Republican = Raelian
To help the GOP "rebrand" and start anew, Kos designed the "Goposaur":
It's looking back, to the past, refusing to evolve with the times as it longingly dreams of the days when only good, white, god-fearing dinosaurs roamed the earth and those multi-hued and highly evolved mammals weren't taking over the place and turning it into a socialist same-sex utopia with reeducation camps and 100% taxes. It's also ready to "go Galt", which apparently is a euphemism for quitting work and starving to death, thus negating the need for the giant asteroid. Their brains are the size of peanuts, after all.
Great work! But Dinosaurs are facts, which is far more than can be said about Republican "ideas." So here's my Republican "rebranding" - let's call it the Raelian Party:
Raëlians believe that Vorilhon, who is known by the movement as Raël, received special knowledge and instruction for mankind from the creators of life on Earth, human-like extraterrestrials called Elohim whose technology enabled them to appear as "angels" or "gods" in the eyes of ancient people.
And the swastika at the heart of their logo is the heart of their ideology.
Update 1: Since 2004, Republican self-identification has plunged from 30% to 23%. Clearly a growing number of Republicans aren't willing to become Raelians.
This graph details the shift since August 2008. The biggest shift began around March 1, when roughly 20% of Republicans became Independents.

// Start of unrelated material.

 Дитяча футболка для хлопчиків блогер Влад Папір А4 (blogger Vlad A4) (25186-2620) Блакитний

That was when all but three Republicans voted for Depression by voting against the Recovery Bill. (Arlen Specter was one of the three, along with Olympia Snowe and Susan Collins.)

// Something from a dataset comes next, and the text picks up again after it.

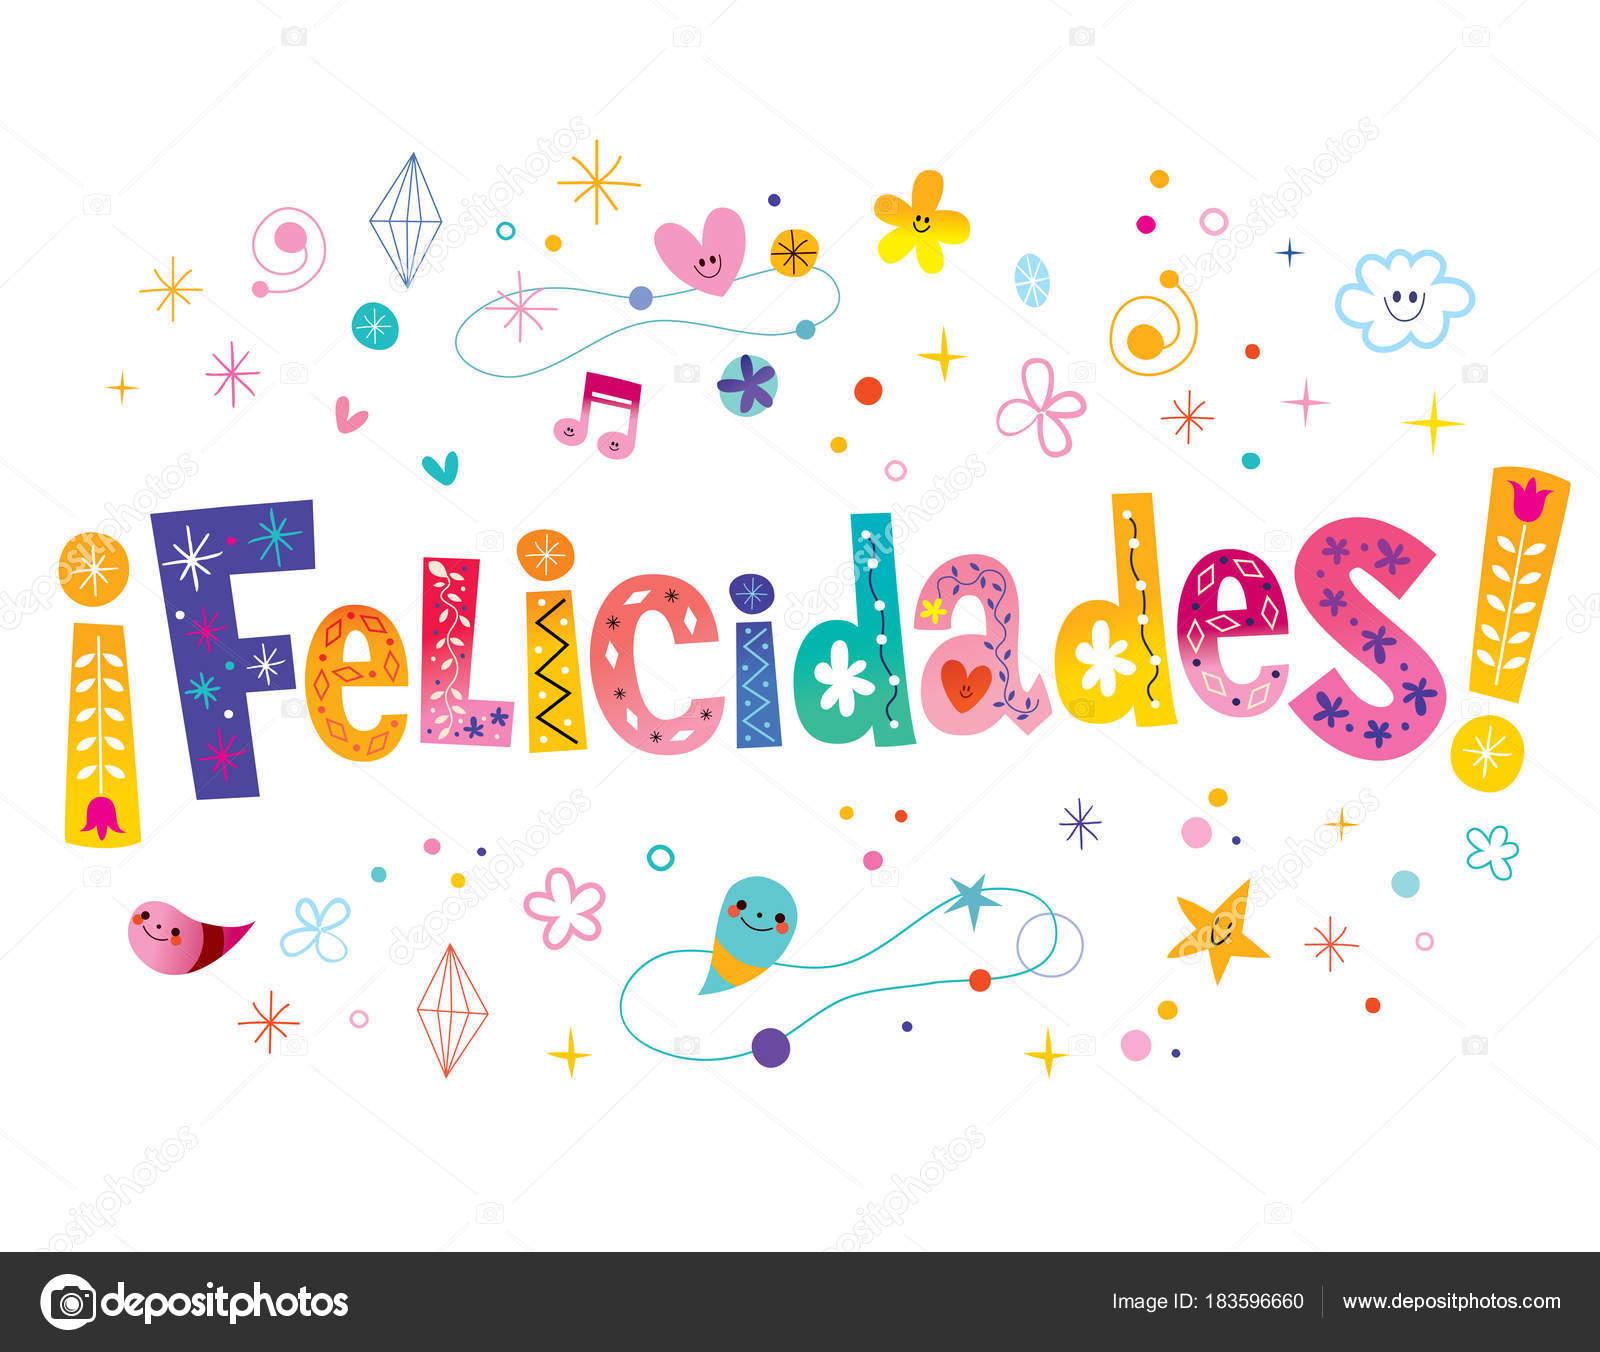 grattis spanska Felicidades Grattis Spanska — Stock Vektor © Aliasching #183596660 grattis spanska

Update 2: Howie Klein nails it as always:
The problem the Republicans have is that when they try enlarging the teeny weeny pup tent into something resembling a national party, they wake up to the shrieking and wailing of the Rush Limbaughs and Glenn Becks and Ann Coulters, the Hannitys and O'Reillys and all the kooks and loons who have become the voice of modern Republicanism to the unwashed masses-- the base.
Update 3: David Neiwert has a similar thought:
Monitoring Fox News can take a terrible toll on one's mind. One of the coping mechanisms I've developed is just to think of these as reconnaissance missions to Planet Wingnuttia, which is an entirely different planet in an entirely different dimension than ours.
Fox is just relaying transmissions from this planet, and people who watch it believing they're seeing news from here on dear ole Planet Earth get terribly confused, even deluded. So it's important to monitor these transmissions and help keep the confusion down.